Я выбираю для отца бамбуковый гроб — такой маленький — и посеребренную чашу, куда будет собрана вода. Через два дня мне сообщают, что все готово. Я сажусь в солнцекар и отправляюсь к пекарю за угощением для гостей.
Мамы здесь нет, хотя она должна быть. Нет поезда, чтобы она могла доехать, нет письма от нее, и каждый день я живу надеждой, что она жива и дышит, хотя я этого не ощущаю.
Отца нет здесь, хотя он должен быть. Он лежит в каменном и металлическом сосудах, где вода, бежавшая в нем, превратится в лед и оставит его. Через два дня от него останется только прах в бамбуковом гробу и вода в посеребренной чаше.

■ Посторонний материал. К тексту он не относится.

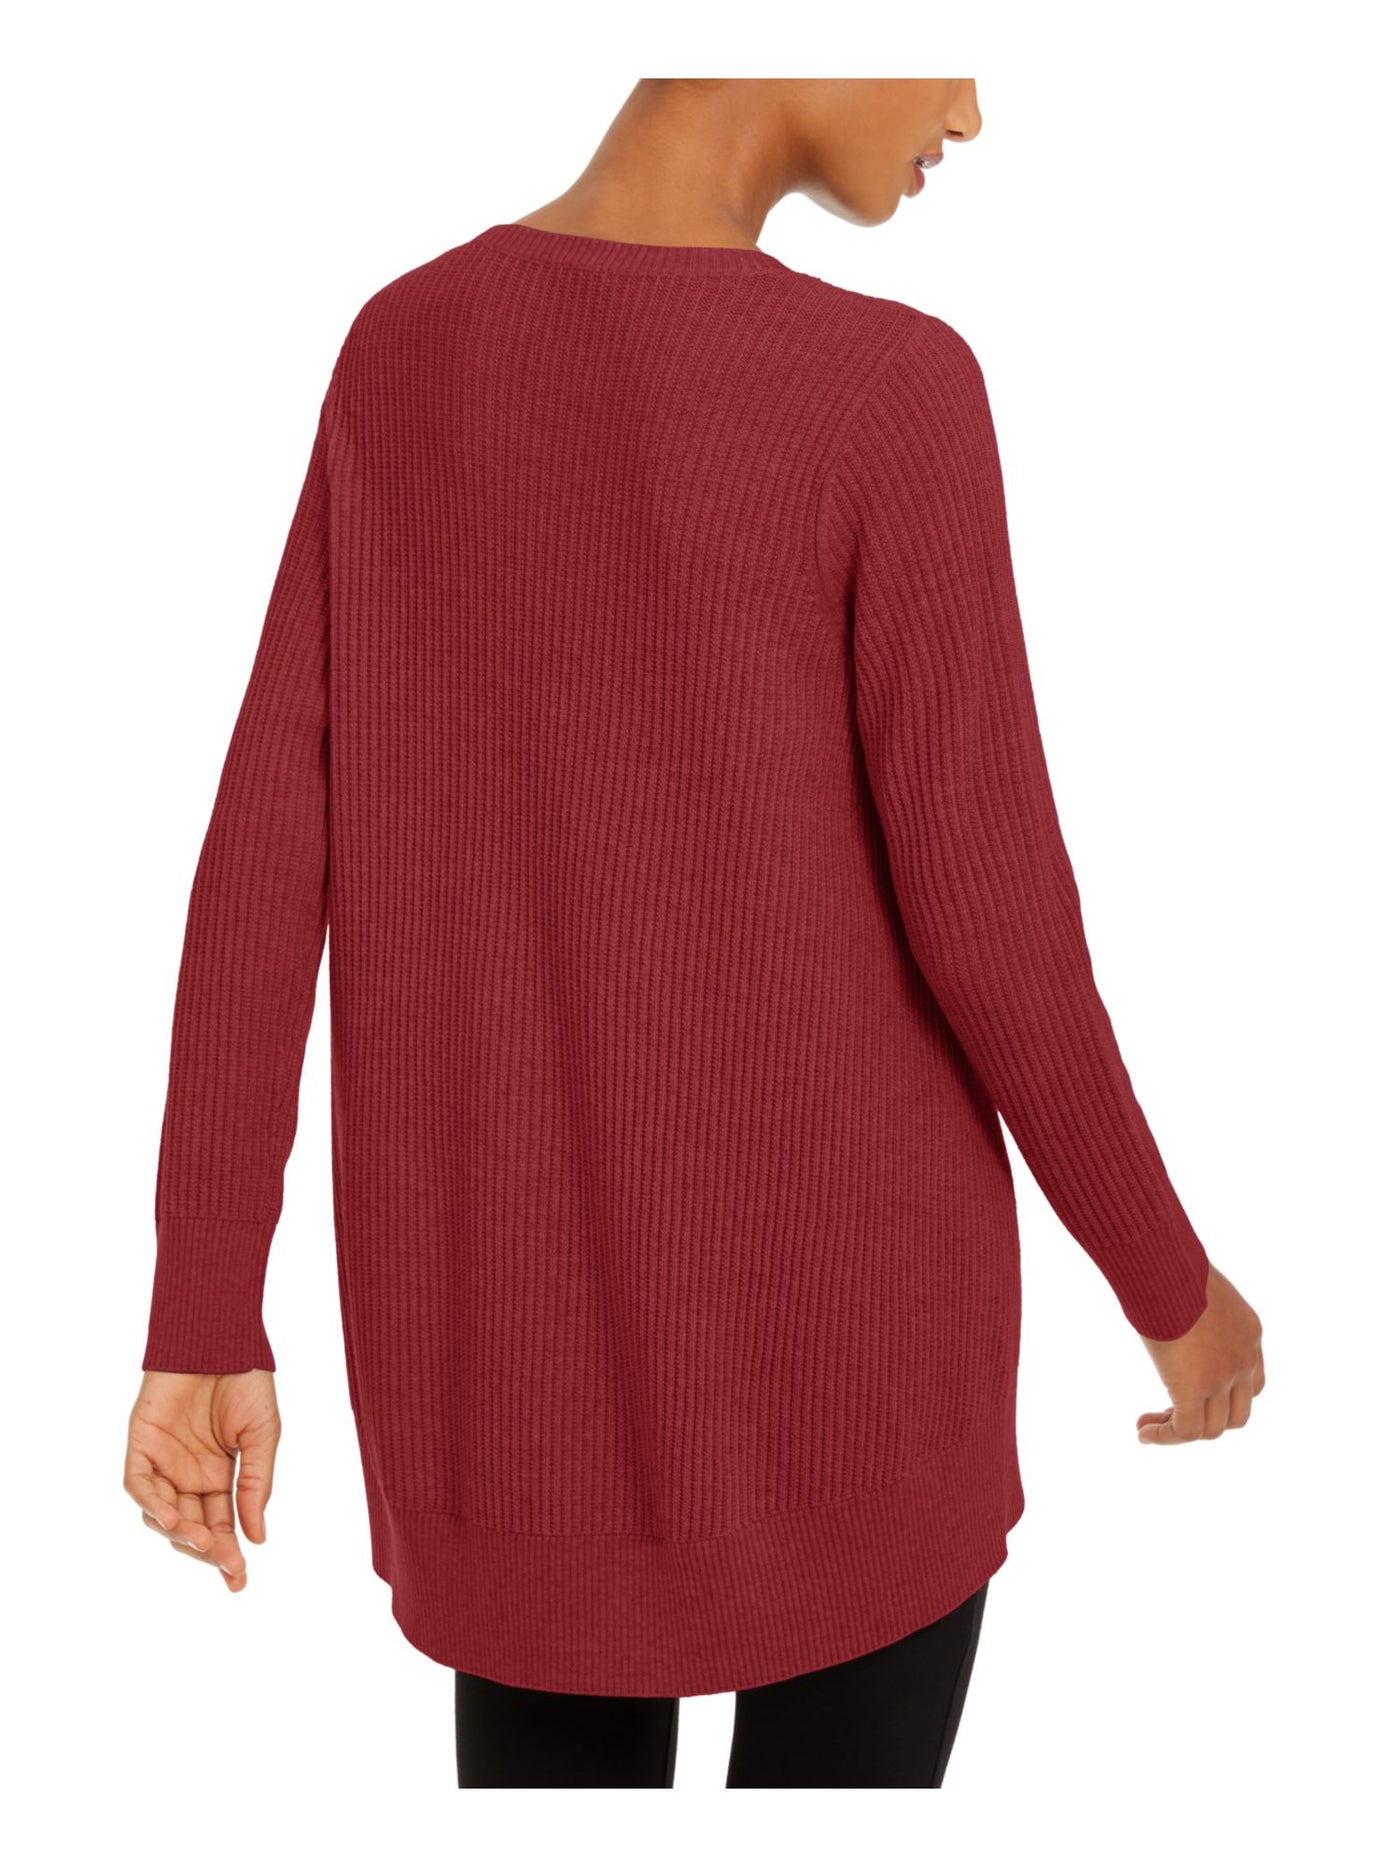 EILEEN FISHER Womens Red Textured Pinstripe Crew Neck Tunic Sweater PP

Я здесь, а все слова — всего лишь немой пепел во рту, и никакая вода не сможет утолить мою жажду.
Глава 10
Очередь медленно двигалась вперед. Зимнее солнце слепило, лицо медленно покрывалось пылью. Я подумала, что нужно было прихватить с собой москитную сетку. Оводы пока не донимали, но тучи поднимающейся пыли были ничуть не лучше. Пункт раздачи воды находился еще очень далеко, никаких особенных планов на этот день у меня не было, и стоять в очереди за водой совсем не хотелось: утром я ходила к источнику проверить уровень воды, однако здесь, на площади, приходилось появляться хотя бы пару раз в неделю, чтобы никто ничего не заподозрил. Надо терпеть.